Третья русская педагогическая утопия, притом самая бесславная, это так называемая «Коммунарская методика» – система Соловейчика-Сухомлинского. Она просуществовала до конца Советского Союза. И была уже не лицеем и не монастырем, а сектой в чистом виде. Такие секты кое-где продолжают воспроизводиться под видом педагогических новаций. Они порождают особое сектантское самоощущение человека, который живет в крошечной, сжимаемой со всех сторон тьмой, группе света. Но там внутри у них все прекрасно, прекрасные отношения…

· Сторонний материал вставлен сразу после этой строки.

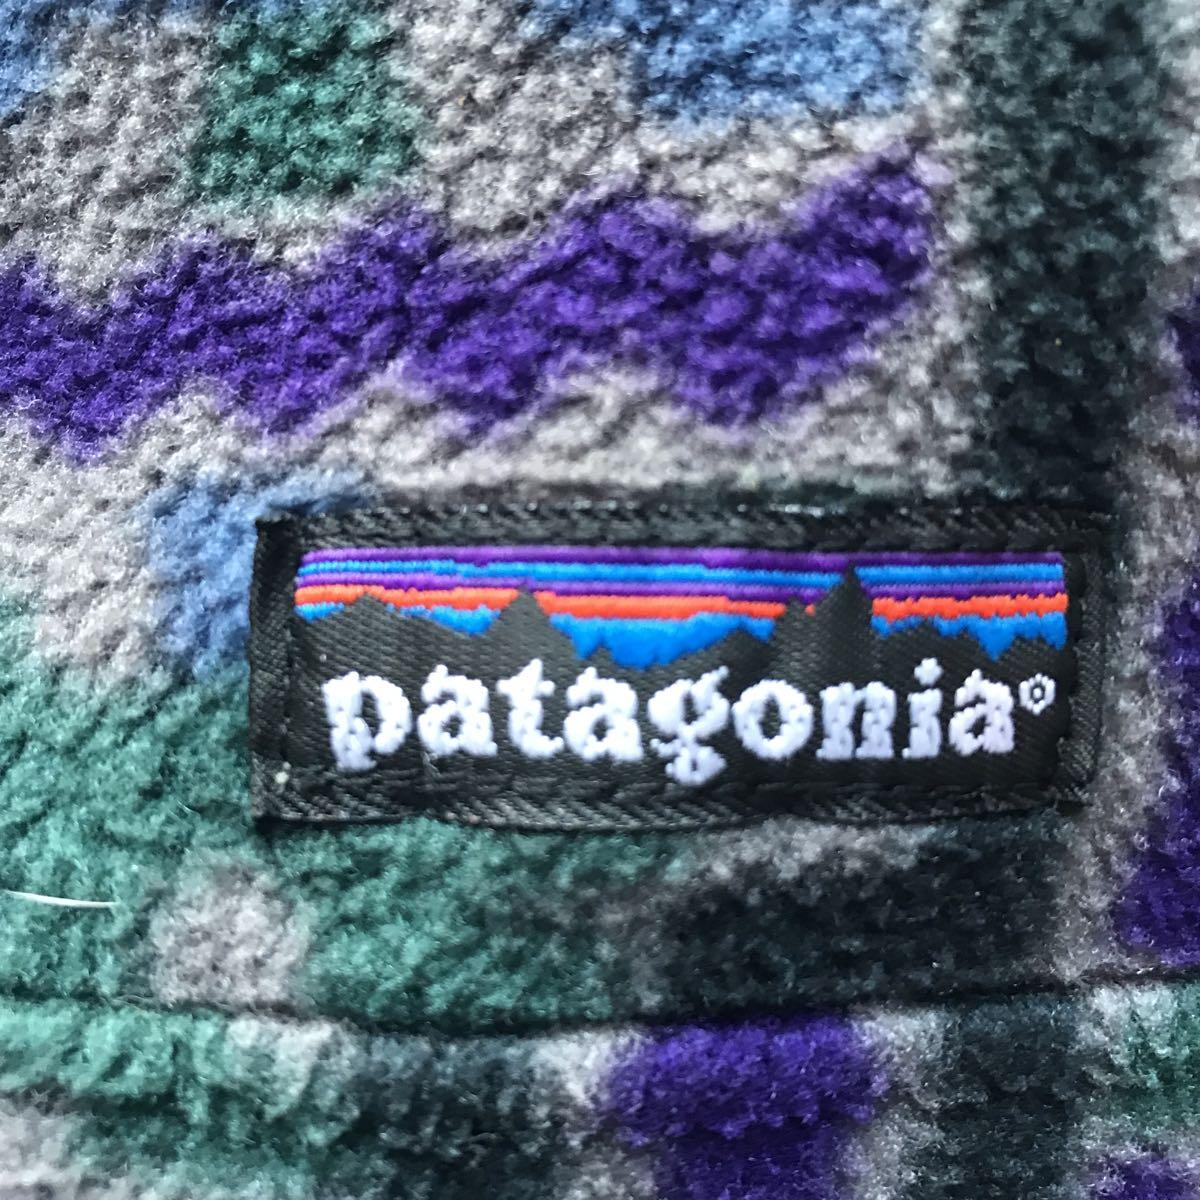 【雪無し】パタゴニア patagonia プリンテッド シンチラ スナップT 93年USA製 サイズ XL テウルチェ/グレー柄 検 レトロ ダス_画像10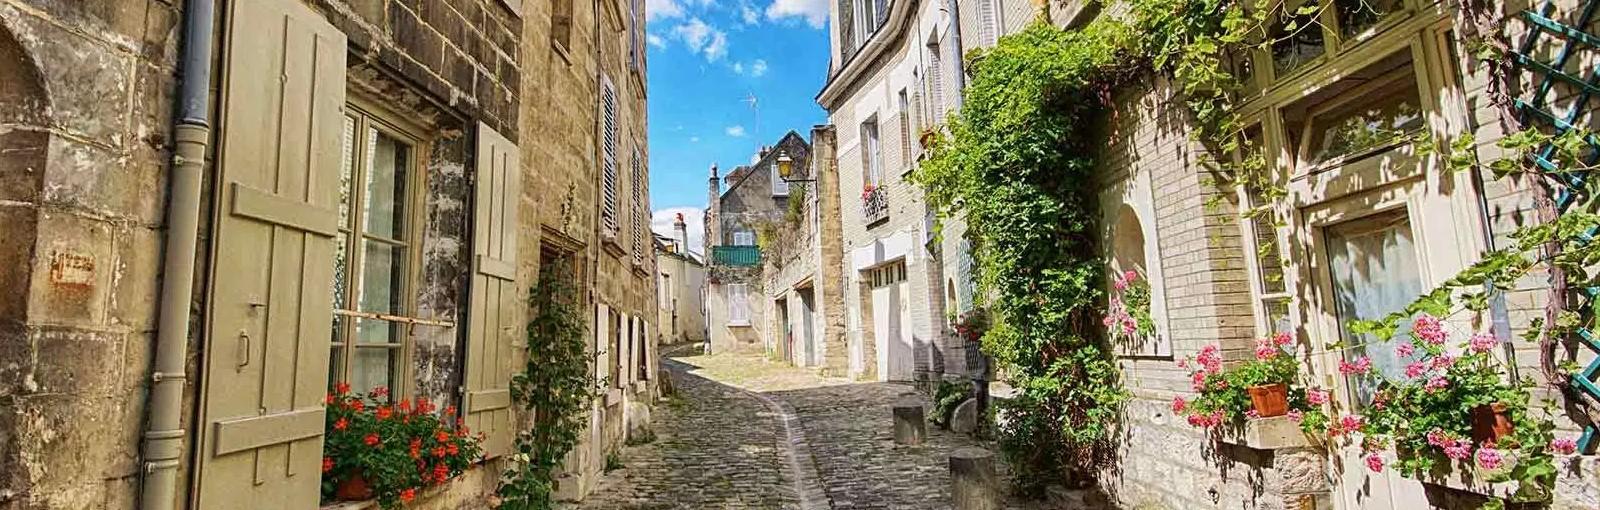 Tours Senlis - Demi-journées - Tours au départ de Paris

Лицей – самая жизнеспособная, живучая, самая перспективная из трех утопий. И прежде всего потому, что она как раз секты не предполагает. Изначальное предназначение лицея было – вырастить новое поколение русской элиты. Элиты культурной, государственной, политической, юридической и т. д. Очень наглядно показывает лицей собою, что получается в России из таких намерений. Ведь в результате лицей вырастил великолепное поколение оппозиции. Впрочем, некоторые из первого выпуска, числом три, сумели вписаться в государственную концепцию. Но даже они, за исключением Горчакова, были задвинуты на вторые роли. И именно в силу своей деятельной роли никогда не хватали чинов. Вместе же они в своей совокупности дали удивительный срез талантливого поколения. Двое – в каторге, один – государственный канцлер, один – величайший русский поэт (и этим существование всей русской педагогики уже оправдано). Остальные (за исключением пятерых, умерших в ранней юности) – честные работники на вторых ролях без какой-либо государственной перспективы. Хотя замышлялись великие посты и великие карьеры!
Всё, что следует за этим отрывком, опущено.